Из темного окна вдруг высунулись две руки с ведром, и на голову Сократа с шумом обрушилась грязная вода, полная всяких кухонных отбросов.
– Пфу!.. – задыхаясь, затряс он головой. – Ах ты, сумасшедшая баба… Ну, что ты скажешь, Дорион?! Впрочем, – усмехнулся он, – в природе всегда так бывает: после грозы – ливень. А у нас гроза была уже с утра. И всю одежду вымочила этой своей гадостью… Но она права: надо дать людям и покой. Мне было бы интересно докончить эту беседу с тобой, но придется ее отложить: я весь промок.
– Ты работал бы лучше с твоим Дорионом, чем зря языки трепать… – кричала им сверху Ксантиппа. – Иди сейчас же домой, а то я и его оболью! Полуночники…
В соседних домах уже выглядывали из окон взлохмаченные любопытные головы. К домашним бурям у Сократа соседи привыкли, но повторение их не утомляло: репертуар у Ксантиппы был чрезвычайно богат и страстен. Почесываясь и зевая, они ждали продолжения, но Сократ с добродушным смехом простился со своим молодым другом и скрылся в своем убогом домике. Дорион, тревожа собак, пошел к себе, к Антисфену.

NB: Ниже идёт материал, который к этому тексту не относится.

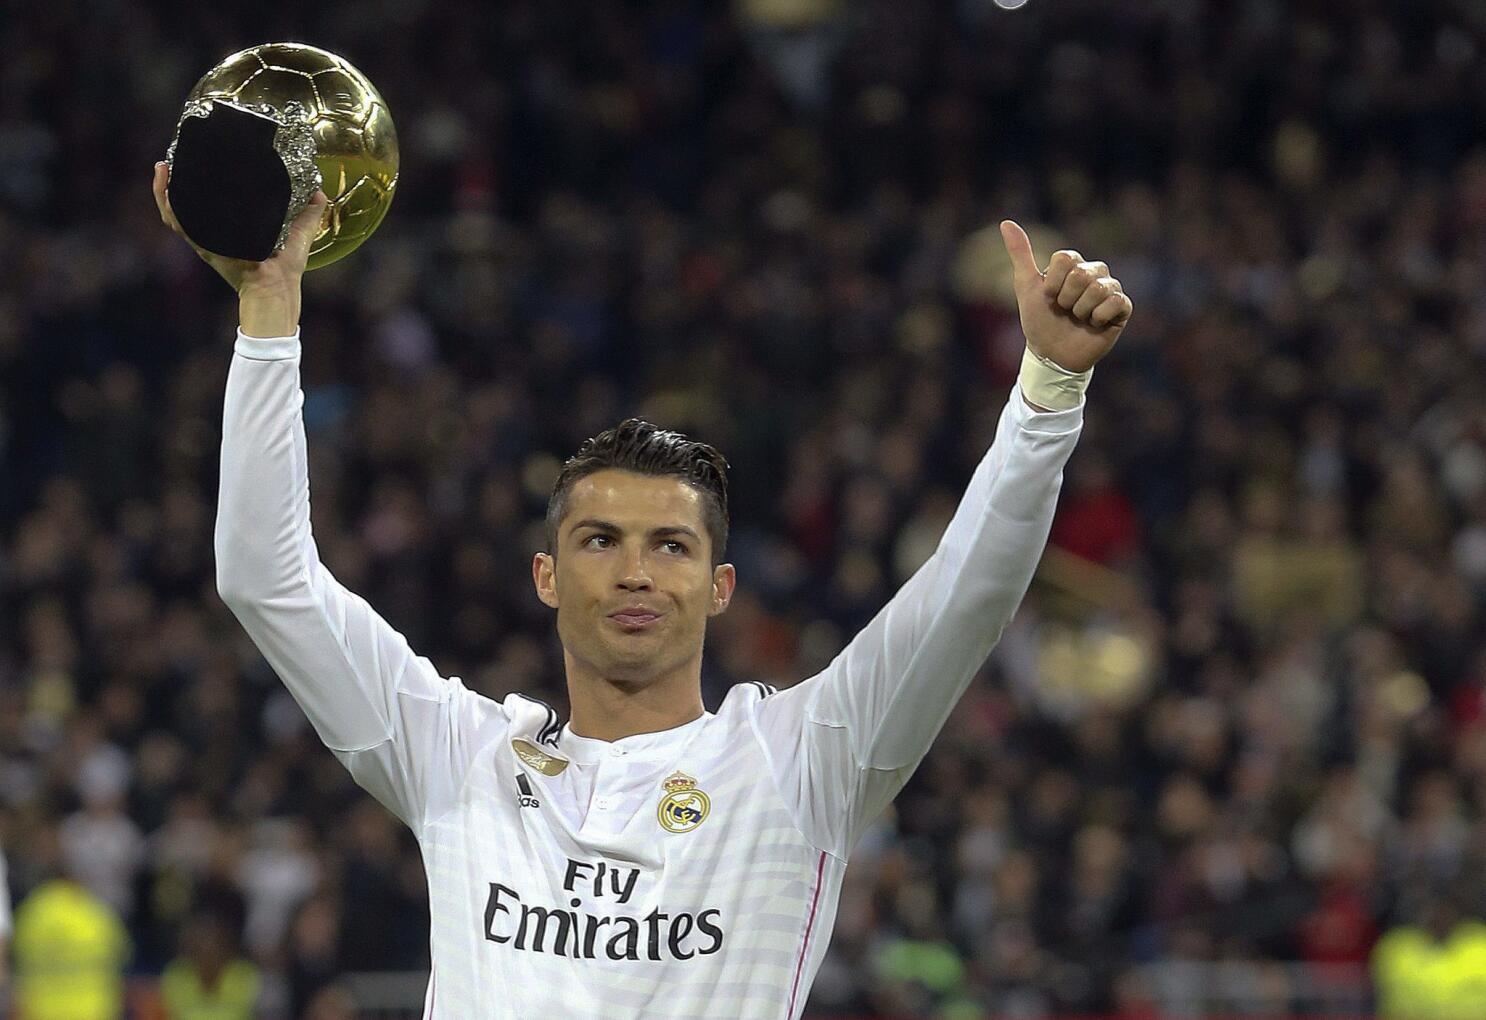 Ronaldo gana su cuarto Balón de Oro - San Diego Union-Tribune en Español

«Нет, я опять не точно высказал свою мысль… – думал он. – Погружаясь в себя в поисках себя, иногда, действительно, погружаешься в безотрадный мрак, но иногда, как вот теперь, навстречу ищущему откуда-то сияет там свет, мягкий и радостный, точно говоря: вот это – Ты. Но именно в этом-то свете все эти рассуждения философов, все эти башенки слов и кажутся ни на что не нужными… Вокруг скопилось слишком много мусора веков, – вдруг перескочила его мысль, – и люди только делают вид, что во все это верят… И вместе с софистами – настоящими, не болтунами – надо как-то эти дикие заросли расчищать, чтобы можно было дышать человеку вольно. И этот свет – может быть, это только игра воображения. Я знаю только то, что я знаю, и не знаю того, чего я не знаю – не надо принимать своих неясных, хотя бы и красивых, фантазий за неопровержимые откровения. Может быть, и света никакого нет…»

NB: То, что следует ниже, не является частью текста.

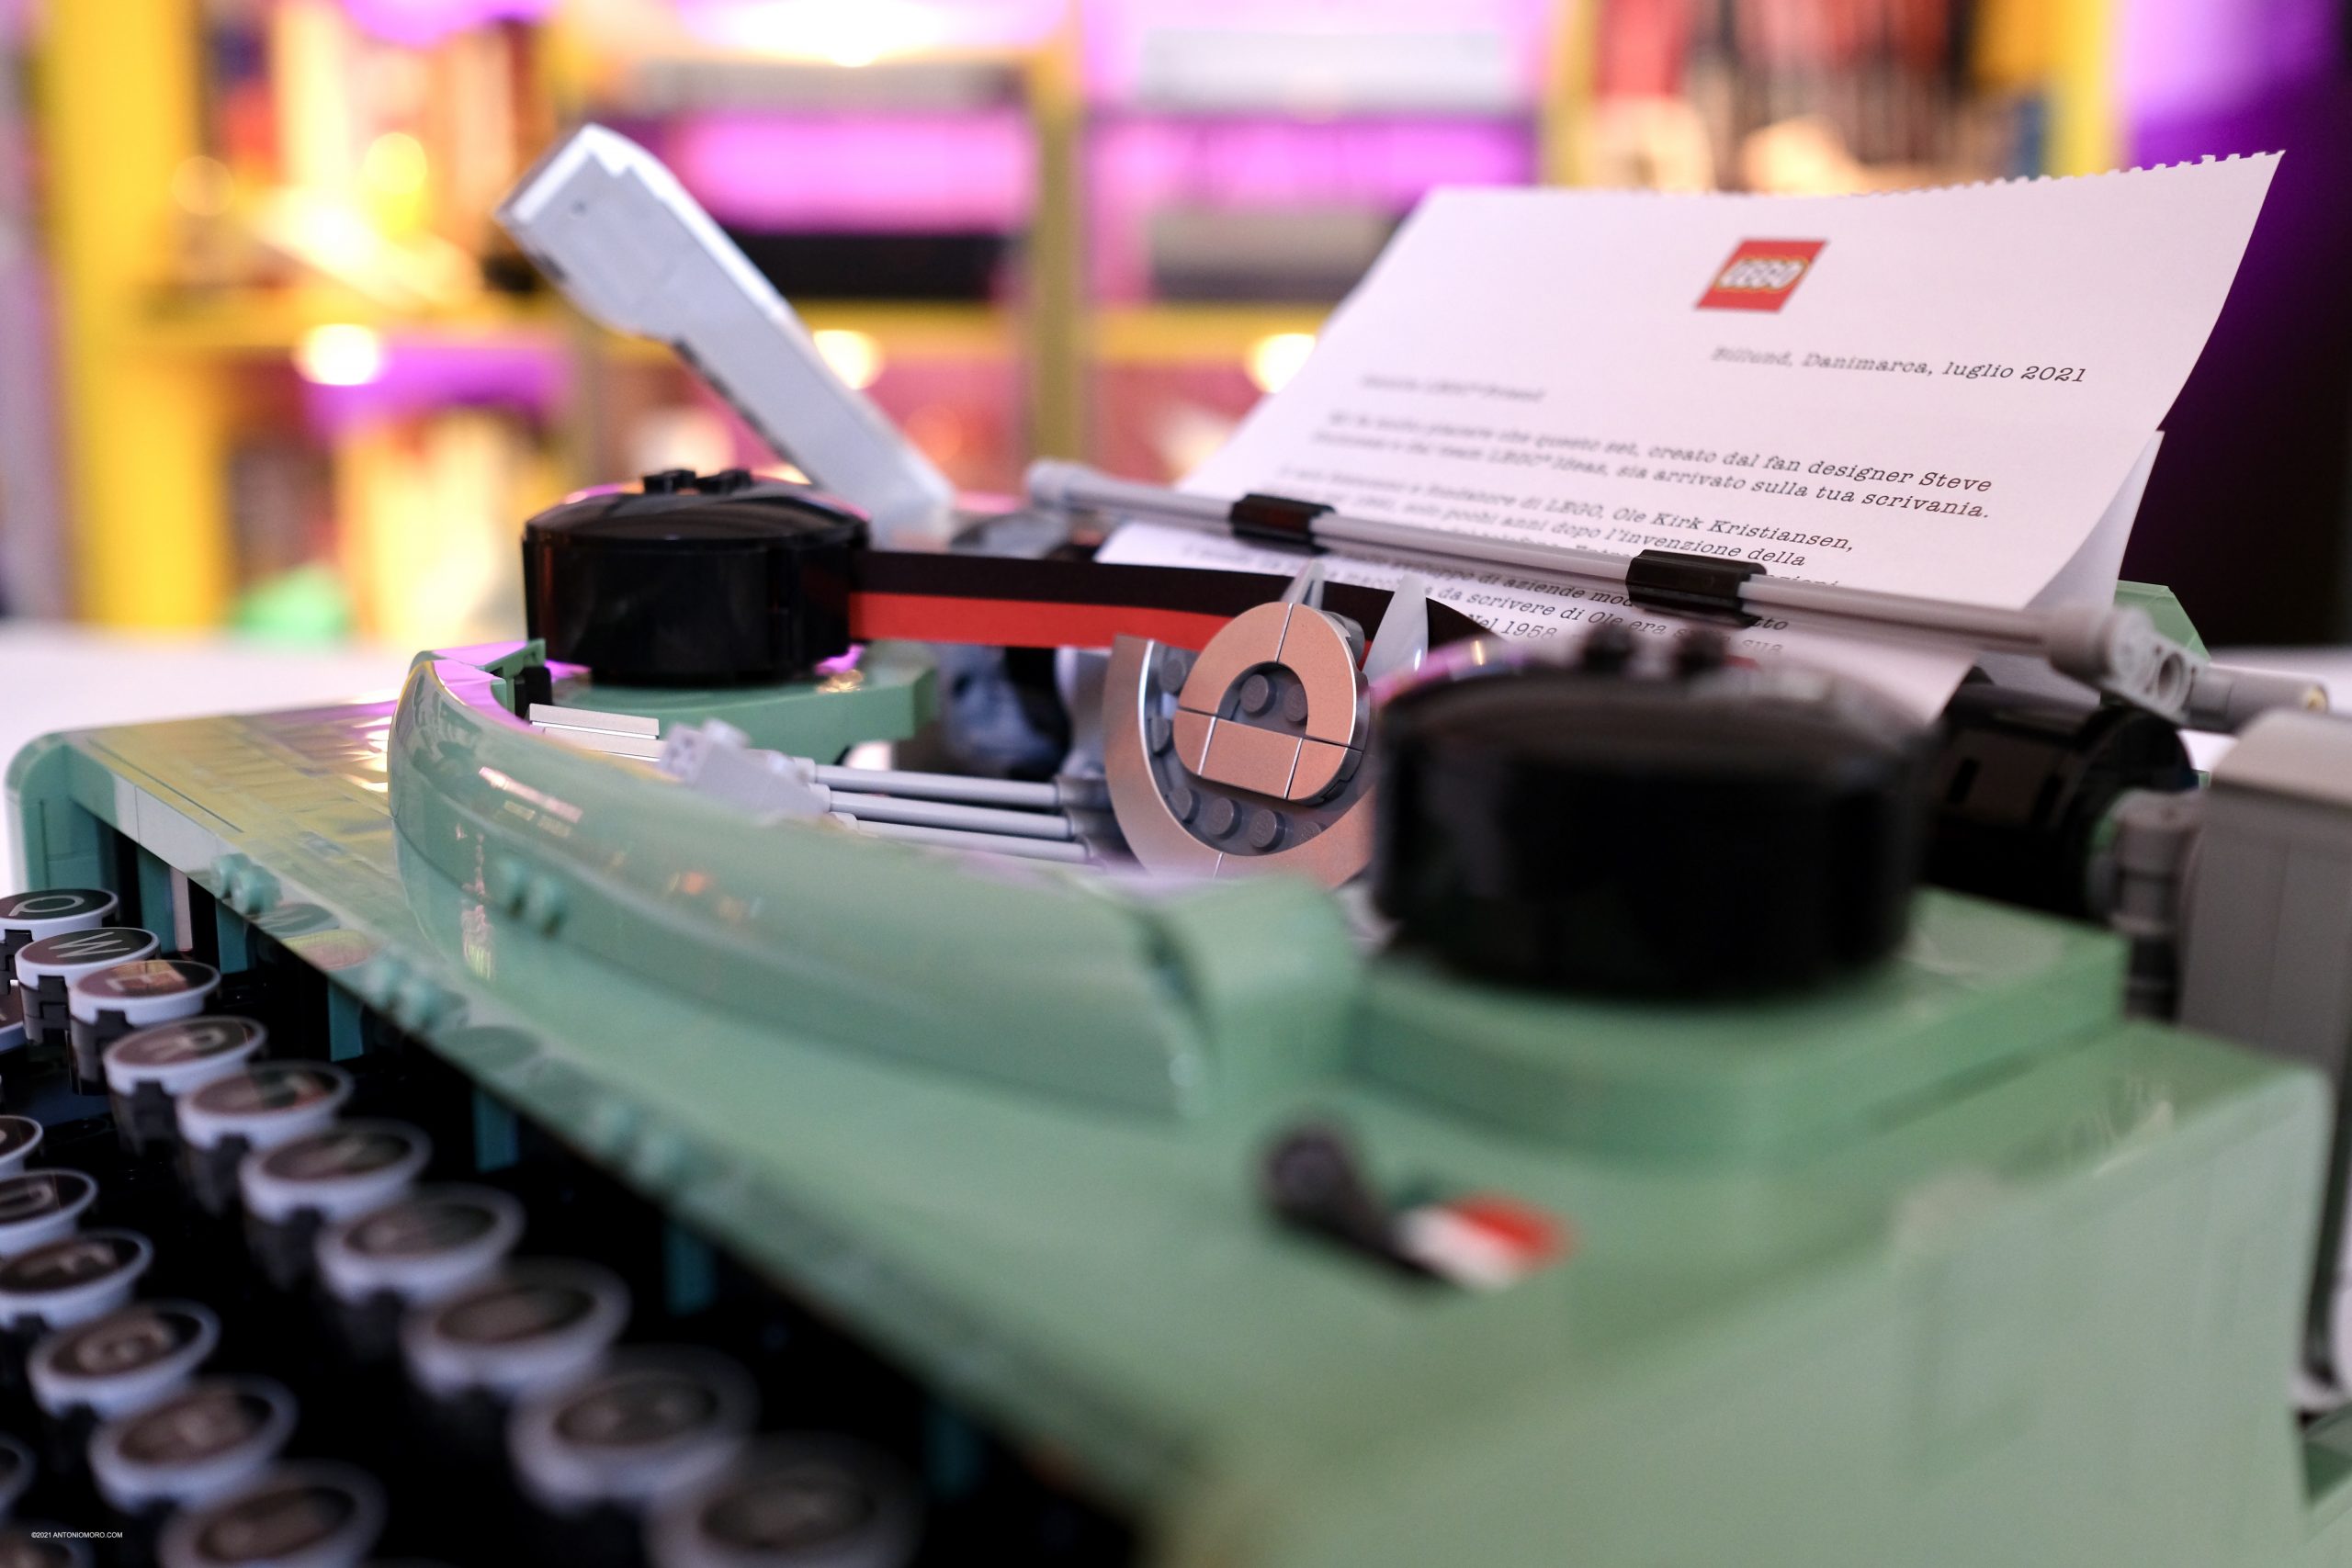 La macchina da scrivere di Lego che funziona davvero!

И молодой Дорион решил уже в тысячный раз оставаться при факте. Он был так молод, что еще не успел узнать, что факт – это такое же неуловимое, неясное, мимолетное явление, как мысль, как слово, как сновидение. Но в нем было хорошо то, что он, действительно, ничего не боялся, что внутренняя свобода для него была, действительно, дороже всего и что прежде всего хотел он заглянуть в то, что было за всеми этими пестрыми бирюльками, которыми тешут себя люди – начиная с Парфенона и Афины Промахос и кончая тем кровопролитием, которым греки занимались теперь на крайнем северо-востоке Эллады, под Потидеей…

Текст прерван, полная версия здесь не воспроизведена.